### Task to carry out
Your answer must be an exact transcription of the data, with every picture omitted.

*** Supplied material Section Begins ***

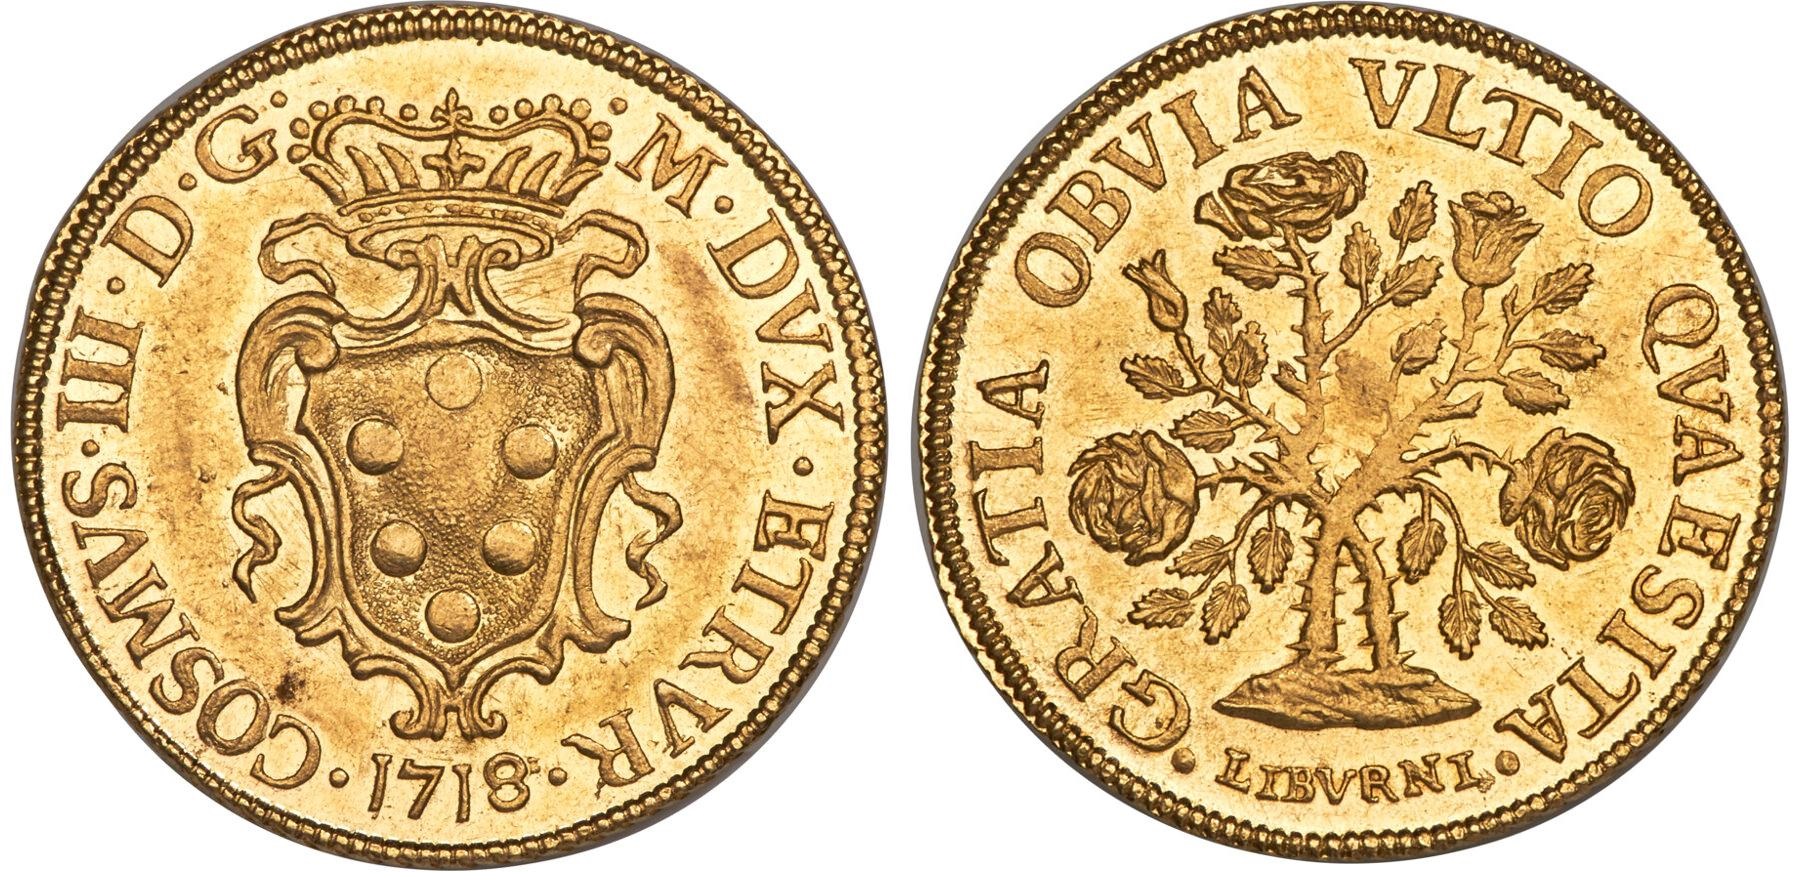 MAgnifico esemplare di mezza pezza della rosa in oro del 1718, regnante Cosimo III de' Medici indicato al dritto come M . DVX . ETRVR . ossia come granduca d'Etruria
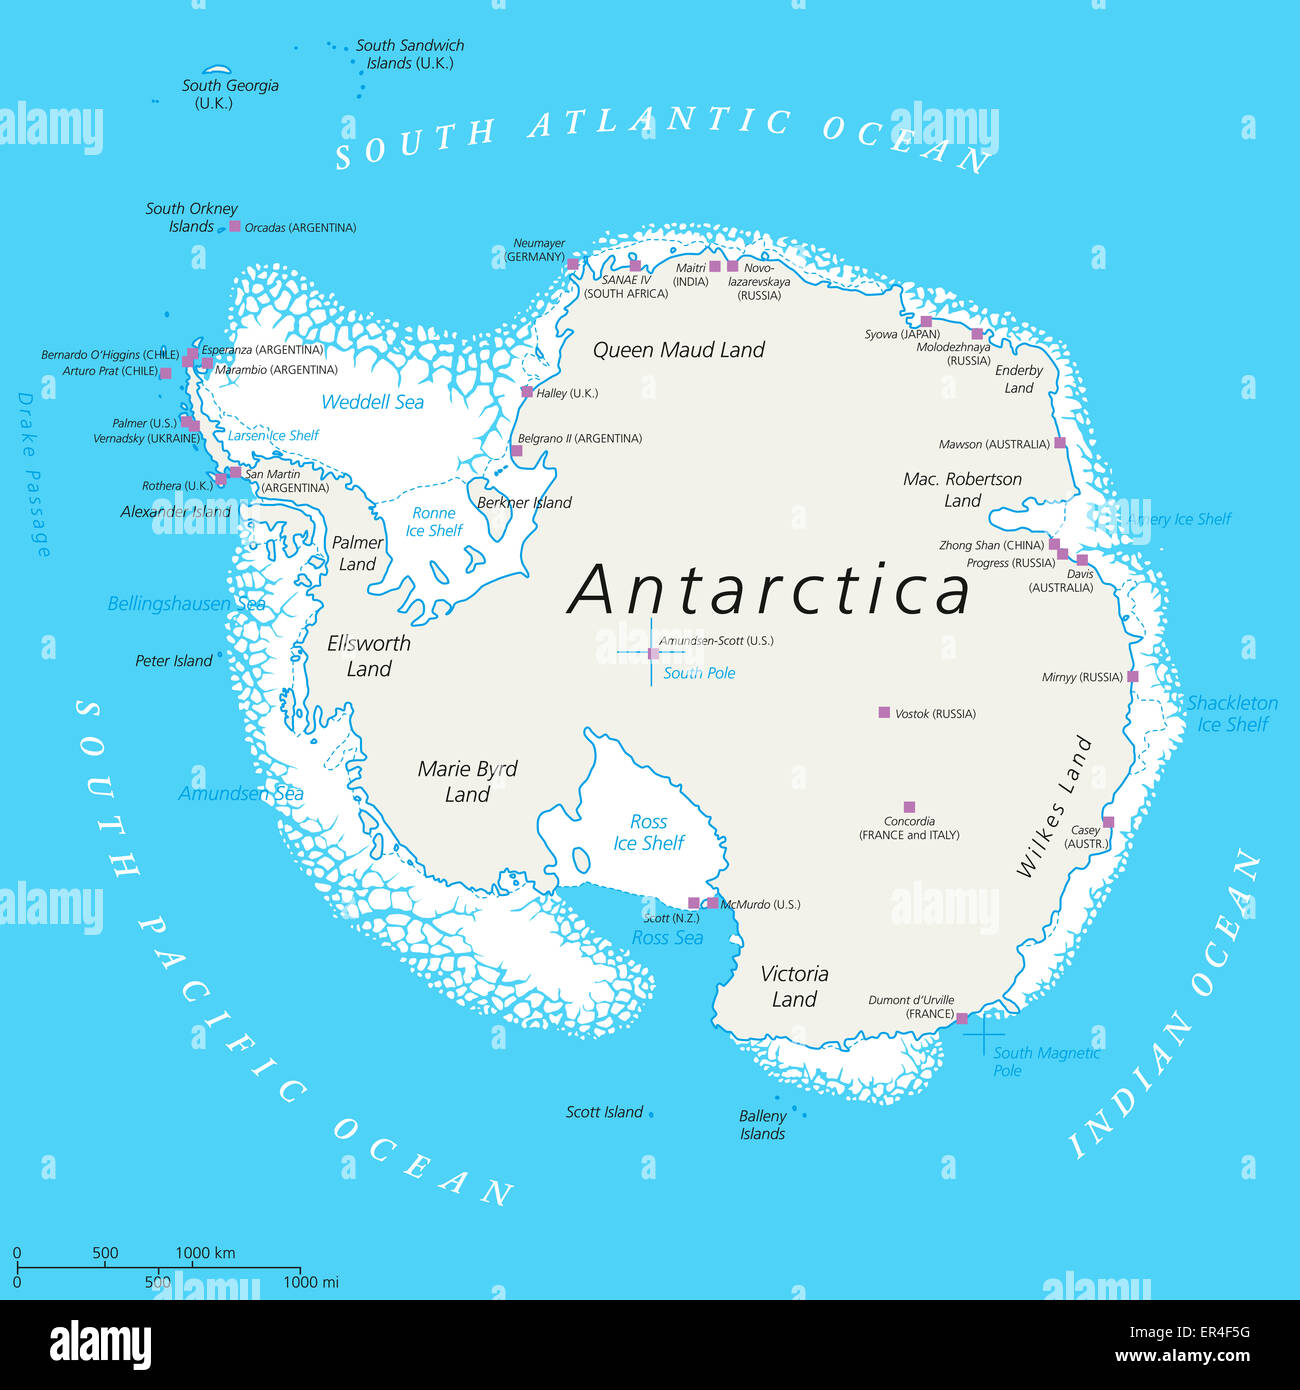 Antarktis Landkarte mit Südpol, wissenschaftliche Forschungsstationen und Eis Regale. Englische Beschriftung und Skalierung. Stockfoto
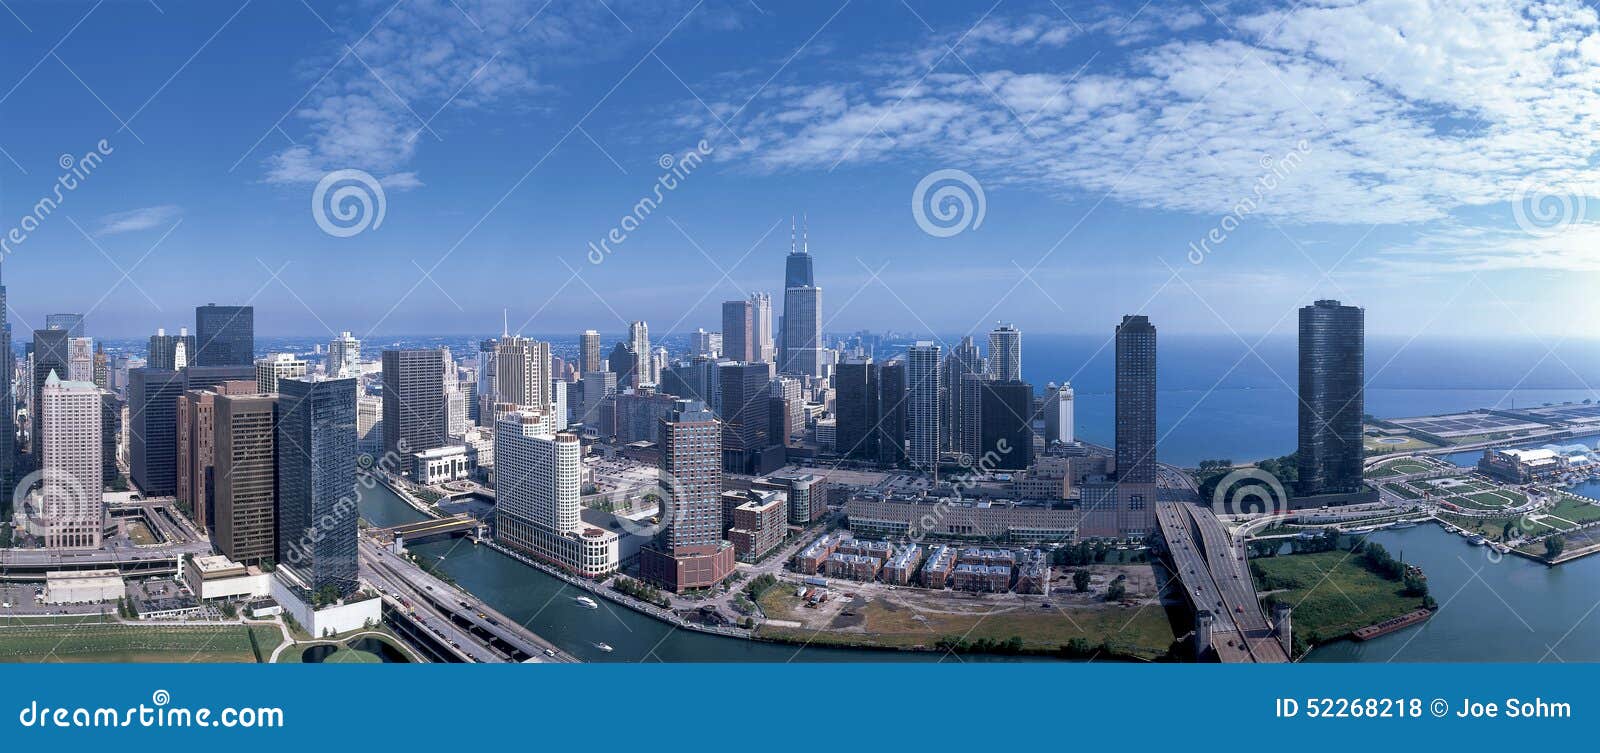 Panoramische Ansicht der Chicago-Skyline

*** Supplied material Section Ends ***

### Response to the task
 MAgnifico esemplare di mezza pezza della rosa in oro del 1718, regnante Cosimo III de' Medici indicato al dritto come M . DVX . ETRVR . ossia come granduca d'Etruria
 Antarktis Landkarte mit Südpol, wissenschaftliche Forschungsstationen und Eis Regale. Englische Beschriftung und Skalierung. Stockfoto
 Panoramische Ansicht der Chicago-Skyline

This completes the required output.